__EXERCISE PROMPT__: The full listing, returned exactly and free of pictures, is the expected answer.

__DATASET EXTRACT__:
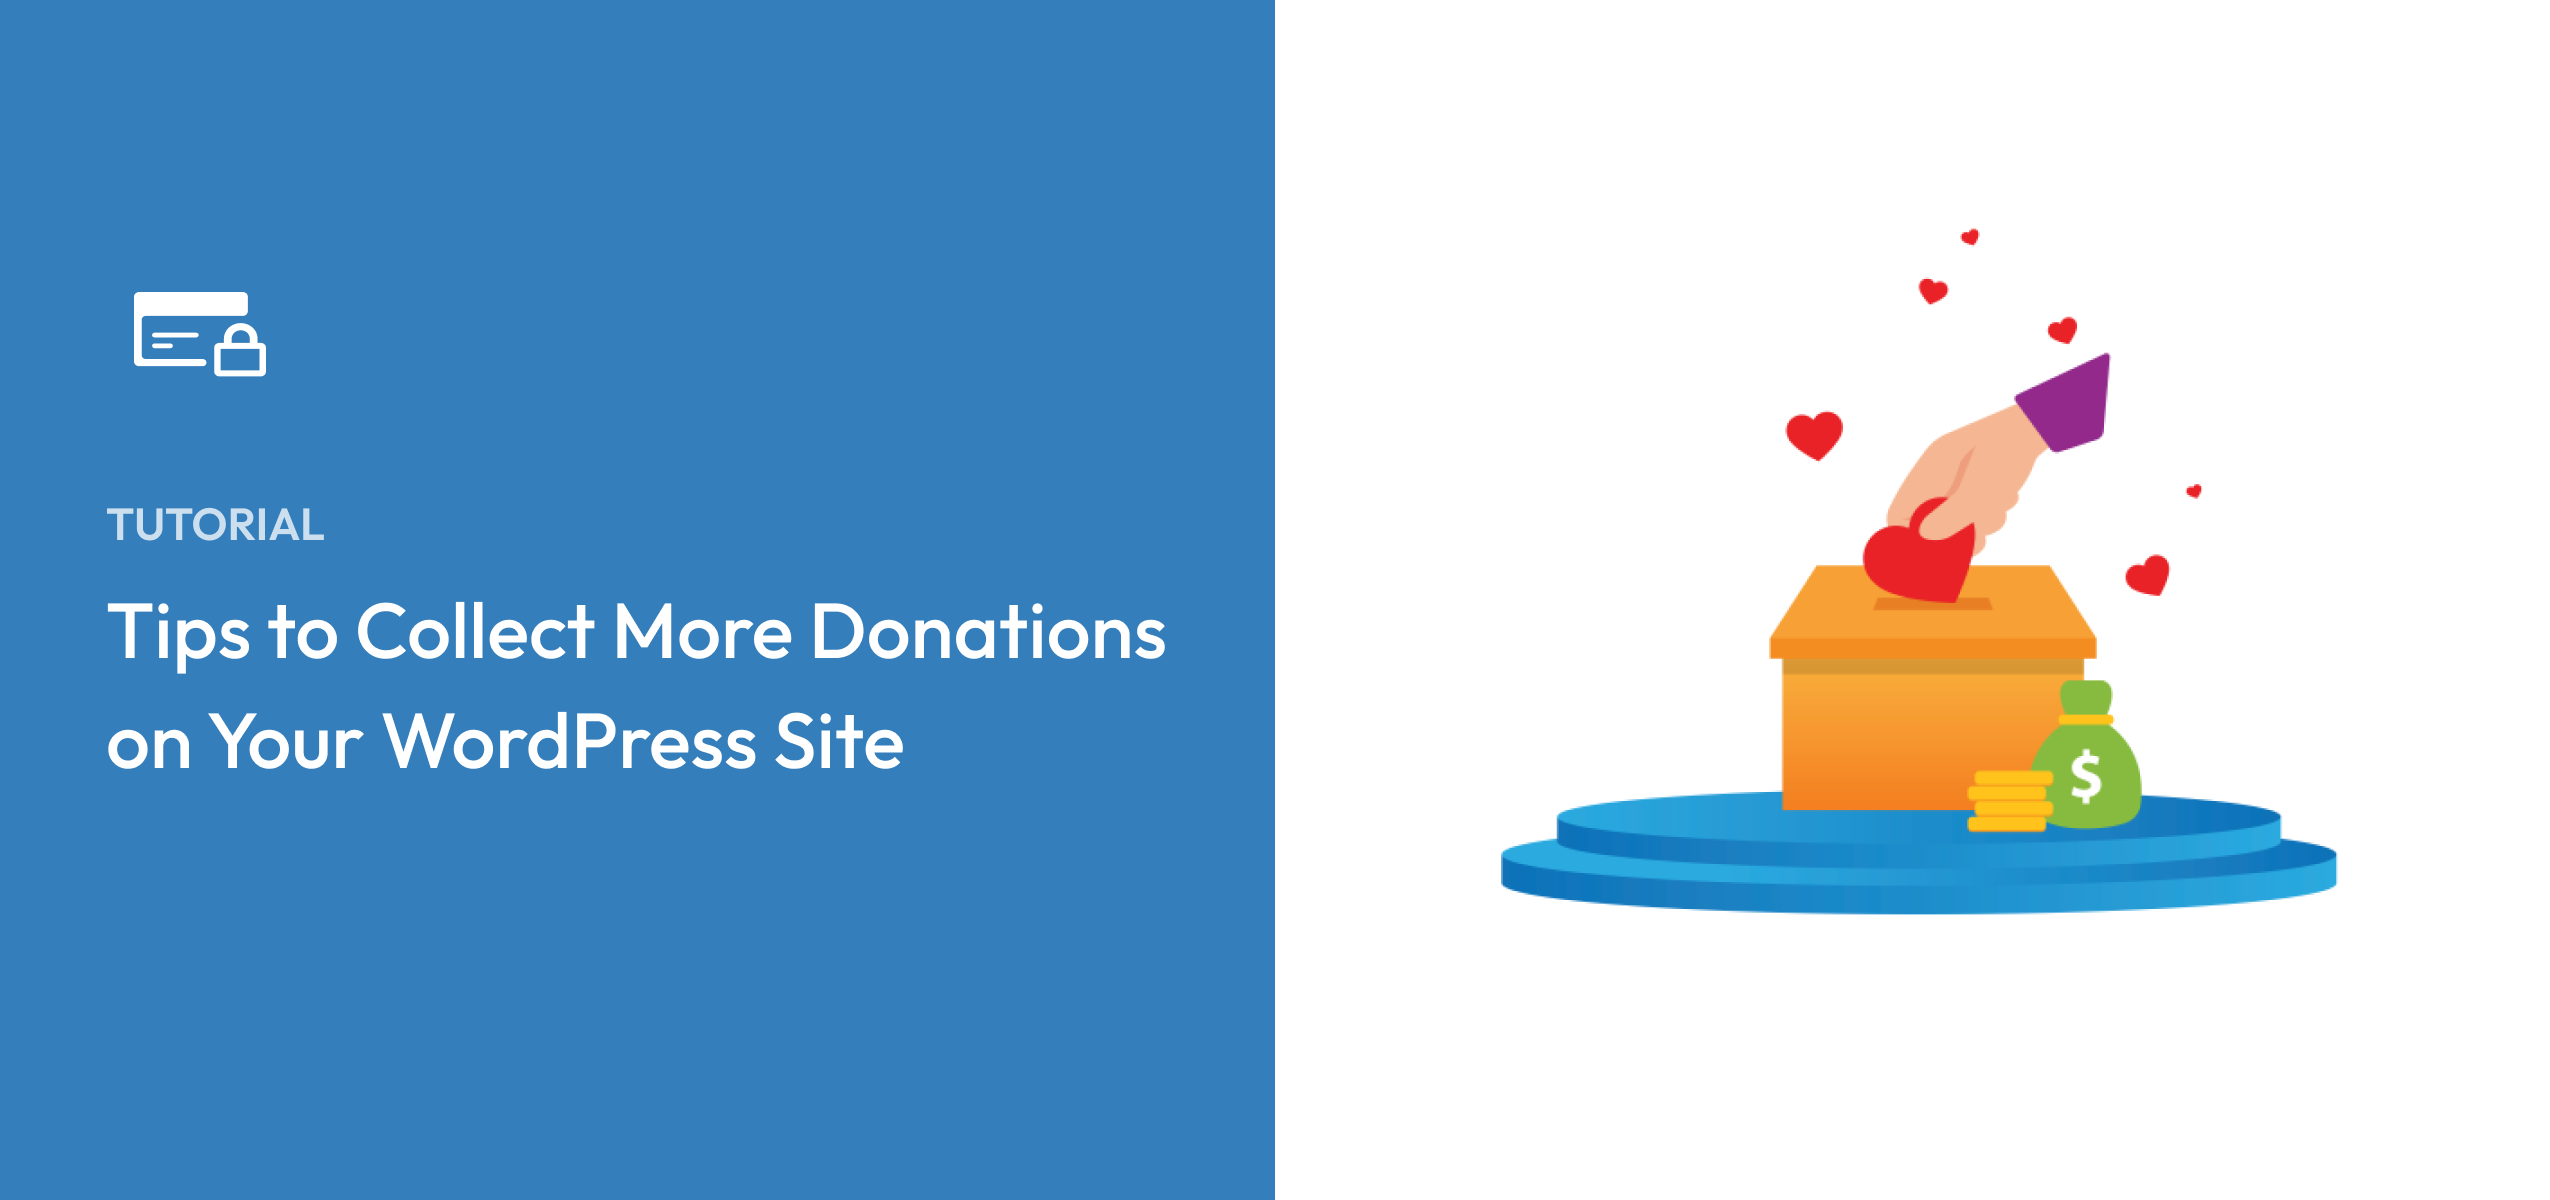 How to Get Donations: 11 Simple Tactics for Nonprofits
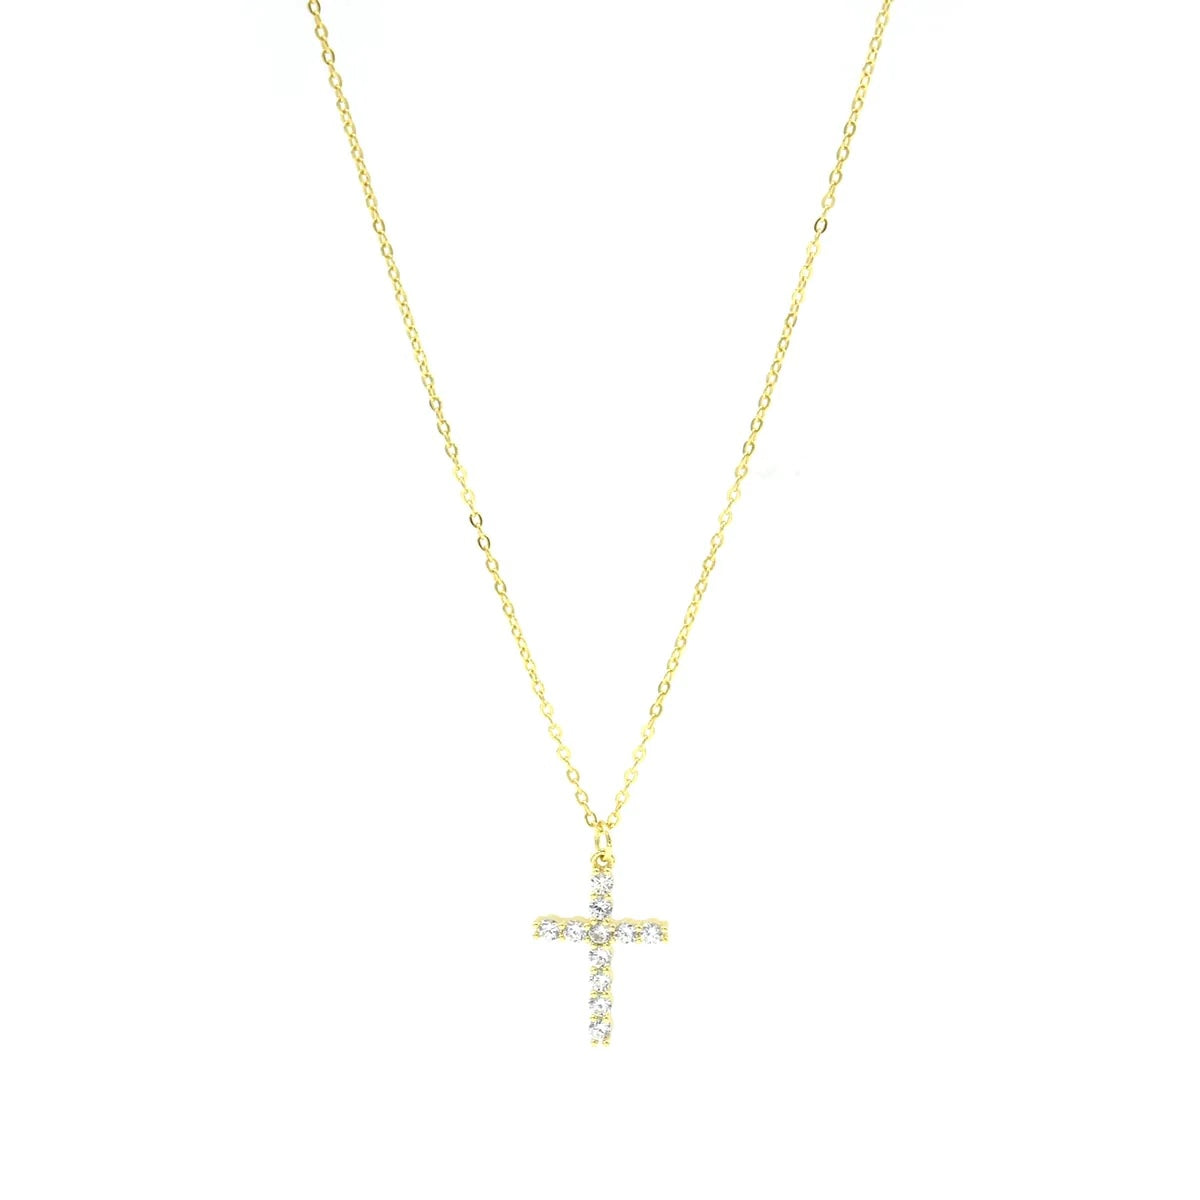 Necklaces, cross necklaces, Gold plated cross necklaces, nickel free, .925 sterling silver, hypoallergenic, waterproof necklaces, jewelry, fashion jewelry, rhinestone necklaces, rhinestone cross necklaces, cubic zirconia necklaces, cubic zirconia cross necklaces, Kesley Boutique, gift ideas, religious gift ideas, graduation gift ideas, church gift ideas, fashion jewelry, kesley boutique 
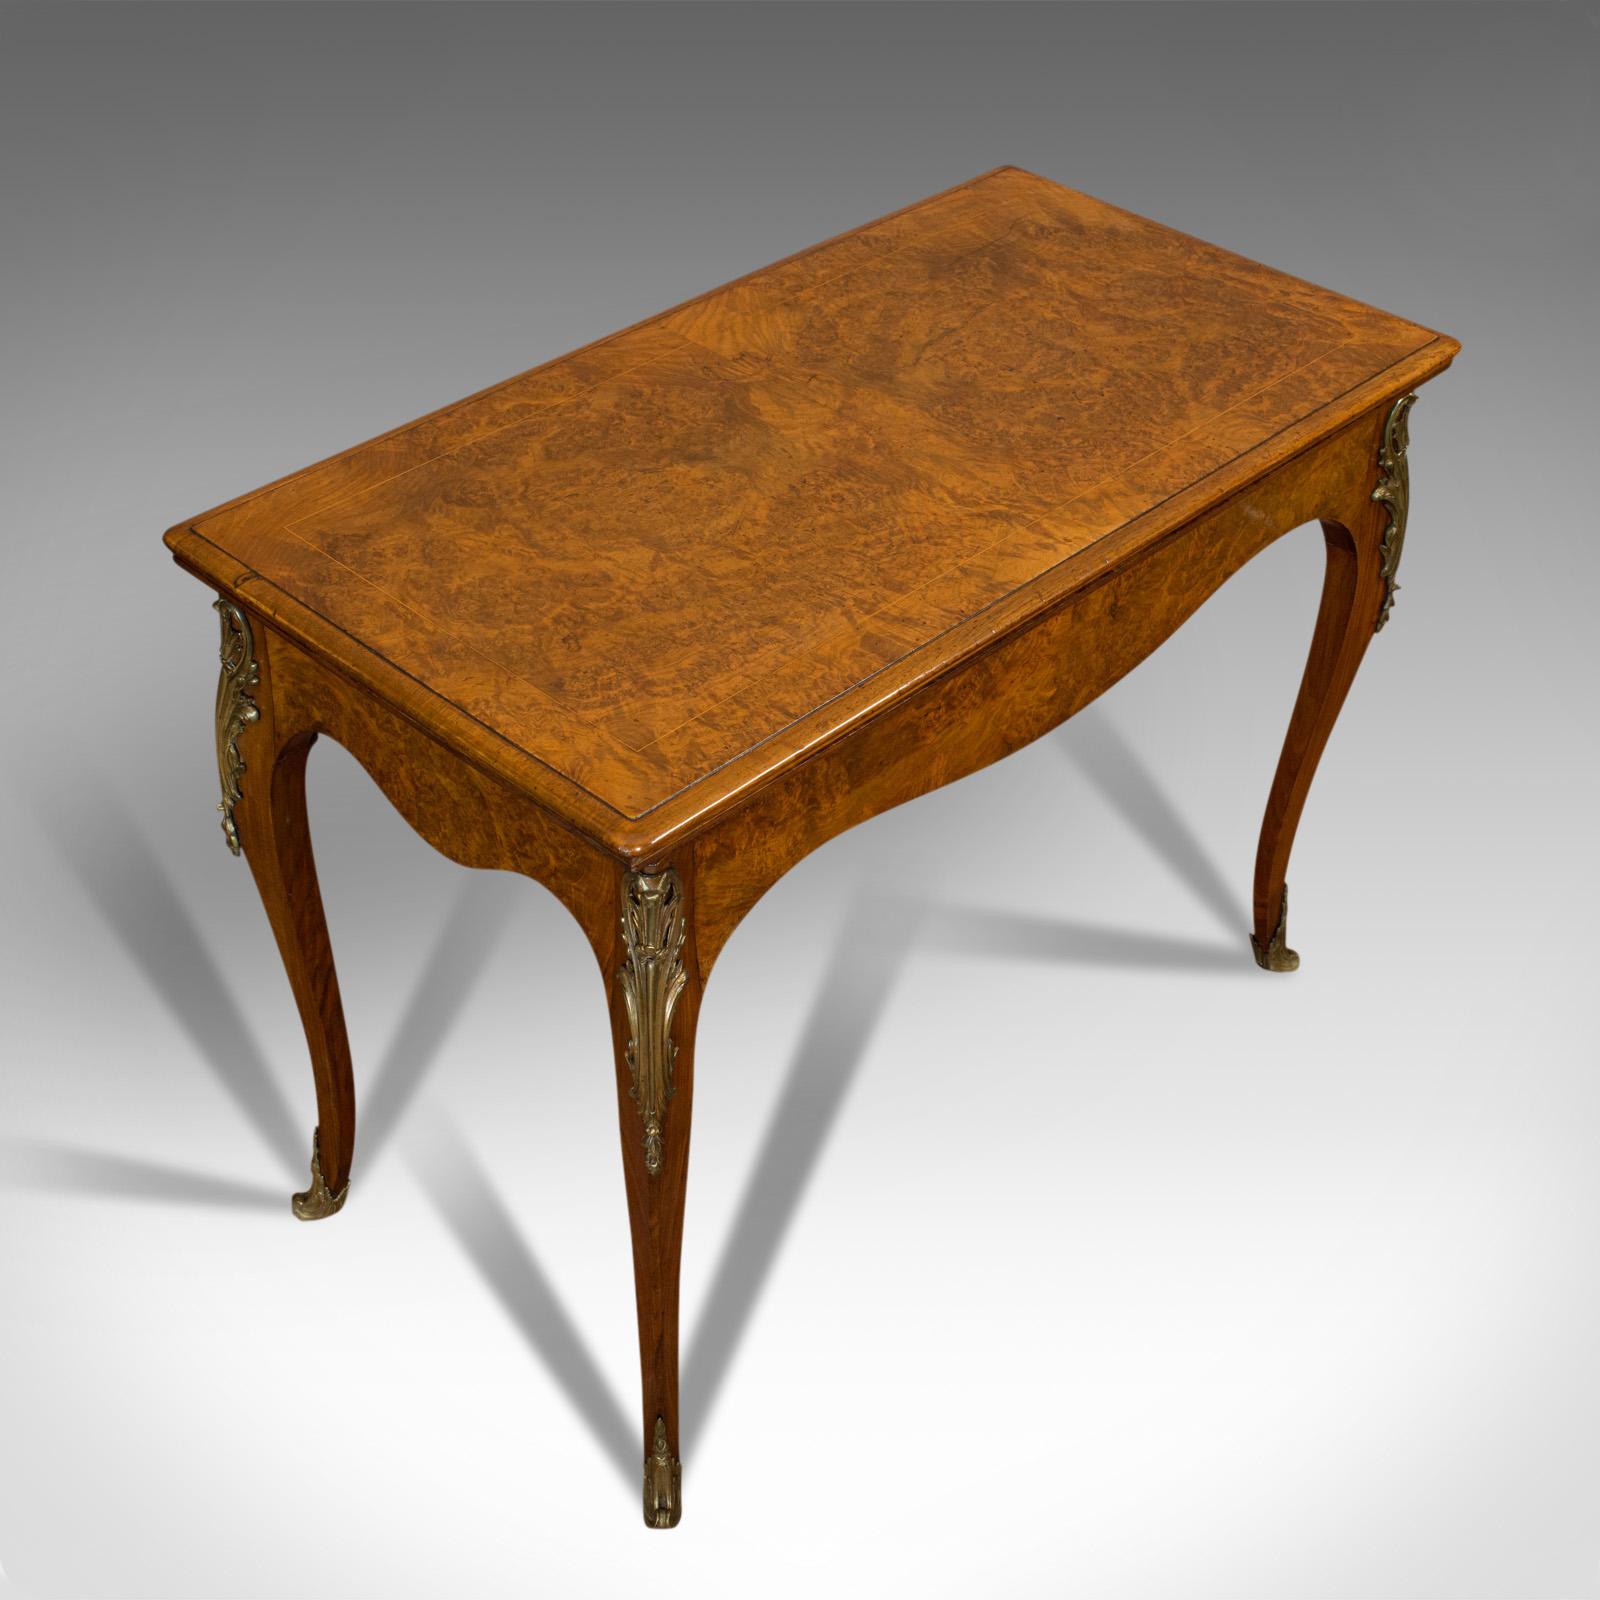 19th Century Antique Card Table, French, Burr Walnut, Fold over, Games, Victorian, circa 1870 For Sale

__TASK RESULT__:
 How to Get Donations: 11 Simple Tactics for Nonprofits
 Necklaces, cross necklaces, Gold plated cross necklaces, nickel free, .925 sterling silver, hypoallergenic, waterproof necklaces, jewelry, fashion jewelry, rhinestone necklaces, rhinestone cross necklaces, cubic zirconia necklaces, cubic zirconia cross necklaces, Kesley Boutique, gift ideas, religious gift ideas, graduation gift ideas, church gift ideas, fashion jewelry, kesley boutique 
 19th Century Antique Card Table, French, Burr Walnut, Fold over, Games, Victorian, circa 1870 For Sale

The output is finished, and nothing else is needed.